Highly complex stochastic models arise frequently in scientific applications. They often lead to statistical inference problems with analytically or computationally intractable likelihood functions. Such problems lie beyond the limit of current Monte Carlo methods. The goal of this proposal is to develop efficient Monte Carlo algorithms for statistical inference problems with intractable likelihoods. Proposed research considers two categories of problems without likelihoods. In the first category, the likelihood is available in analytical forms if the problem is put into an appropriate augmented space. For such problems, a new data augmentation scheme is proposed which leads to a more efficient Markov chain Monte Carlo algorithm. In the second category, the model is a "black box" and only a generating stochastic mechanism is available to simulate data from the model. For such problems, several likelihood-free Monte Carlo algorithms are proposed which extend the power of current Monte Carlo methods. The proposed methods are applied to inference problems in population genetics, panel studies, and hydrological models.
The proposed research addresses the urgent need to develop innovative Monte Carlo methodology for problems with intractable likelihood functions. This is of fundamental importance in statistics. It allows researchers to concentrate on scientifically plausible statistical models without worrying about mathematical intractability. Applications of the proposed methods include statistical inference in molecular population genetics which can help locating genes that are responsible for genetic diseases, and Bayesian calibration of hydrological models which can be used to predict ground-water flow. The proposed research has significant impact on education through involvement of graduate and undergraduate students directly in the proposed research, incorporation of proposed algorithms into related courses, and dissemination of research results to the scientific communities.

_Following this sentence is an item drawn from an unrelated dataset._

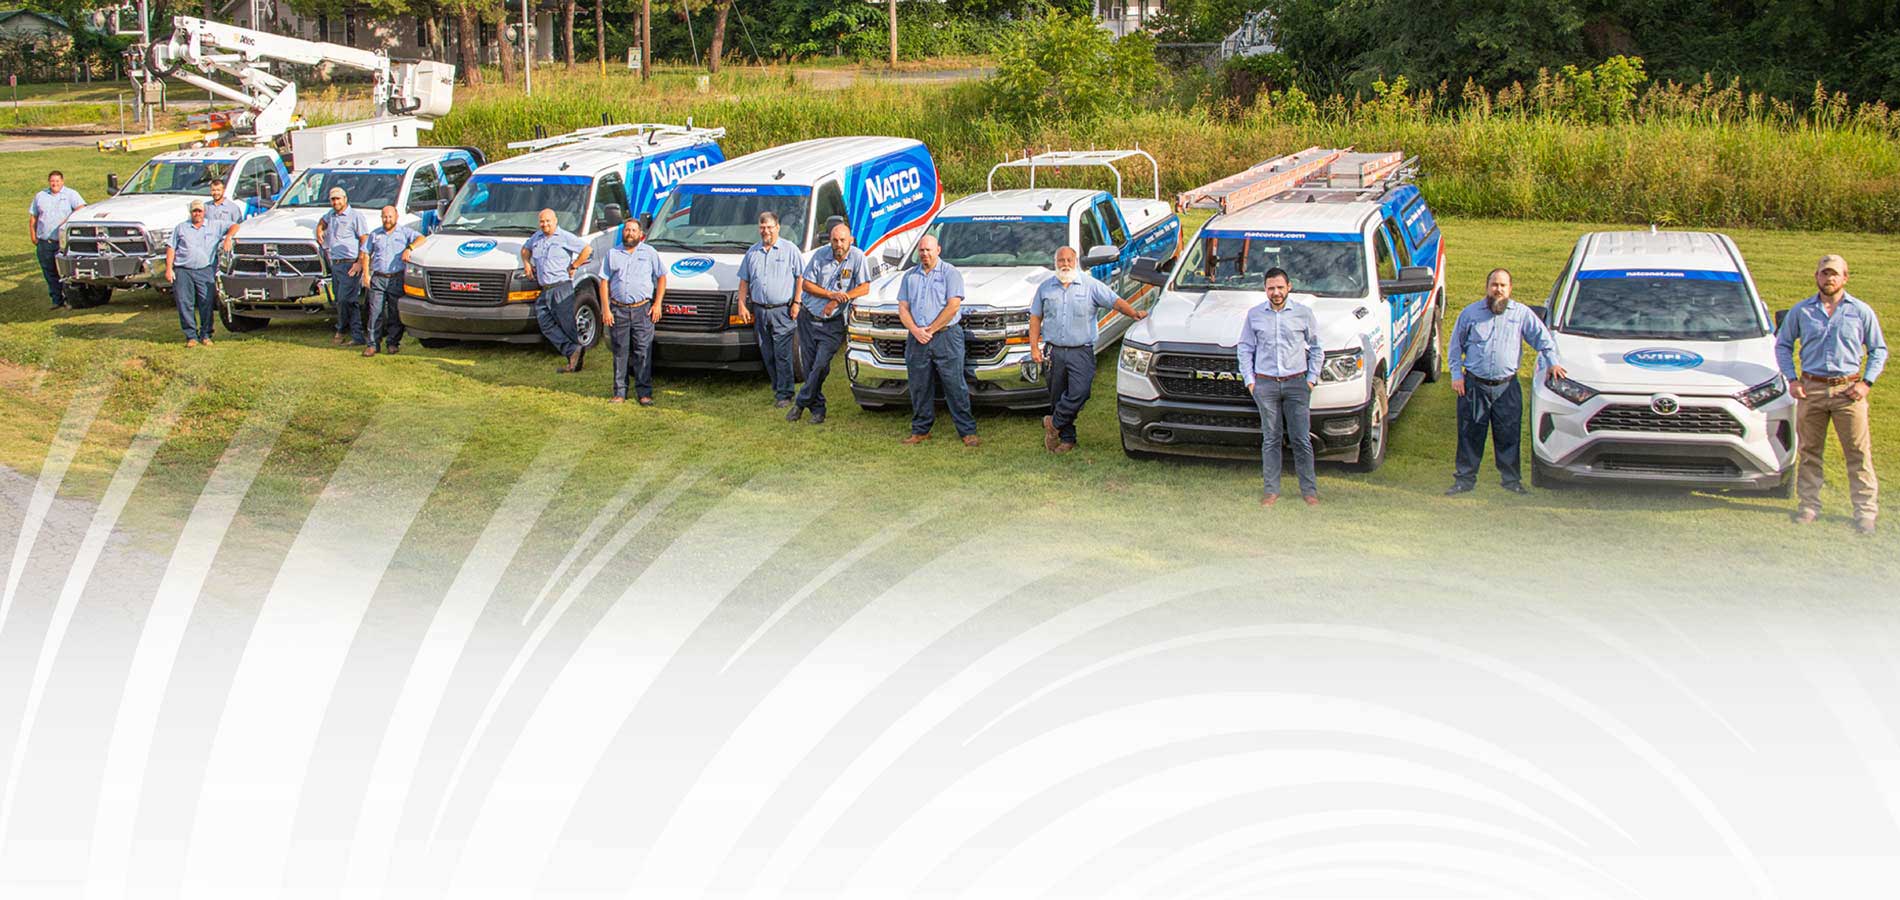 NATCO techs standing by services vehicles

This grant supported research in developing efficient Monte Carlo algorithms for statistical inference problems with intractable likelihoods. Two categories of problems without likelihoods have been considered. In the first category, the likelihood is available in analytical forms if the problem is put into an appropriate augmented space. For such problems, a new data augmentation scheme has been developed which leads to a more efficient Monte Carlo algorithm. In the second category, the model is a 'black box' and only a generating stochastic mechanism is available to simulate data from the model. A specific problem in this category that the PI and his collaborators have studied is the calibration of hydrological and environmental simulation models. A new Monte Carlo algorithm was developed to improve the efficiency in the calibration of computationally expensive simulation models. A series of papers were published or submitted for publication. The new algorithms address the urgent need to extend the power and range of applicability of Monte Carlo methods in order to meet the increasing demands of the scientific research community. This is of fundamental importance in statistics. It extends the range of models which can be fitted to the observed data, and allows researchers to concentrate on scientifically plausible statistical models without worrying about mathematical intractability. Applications of the new algorithms include statistical inference in molecular population genetics which can help locating genes that are responsible for genetic diseases, and calibration of hydrological models which can be used to investigate the watershed hydrology, agriculture, sedimentation, nutrient cycle, and pesticide transport. The new algorithms will improve the current methods used in these areas, and new theories arising from these applications will be of interest across a broad range of areas in statistics and other disciplines. The grant provided partial support for several Ph.D. students. All of them have been exposed to some of the new development of Monte Carlo methodologies resulting from the grant. In addition, the new algorithms and their applications have been incorporated into graduate and undergraduate courses. Finally, the PI has presented results of research under this grant at several conferences and departmental seminars.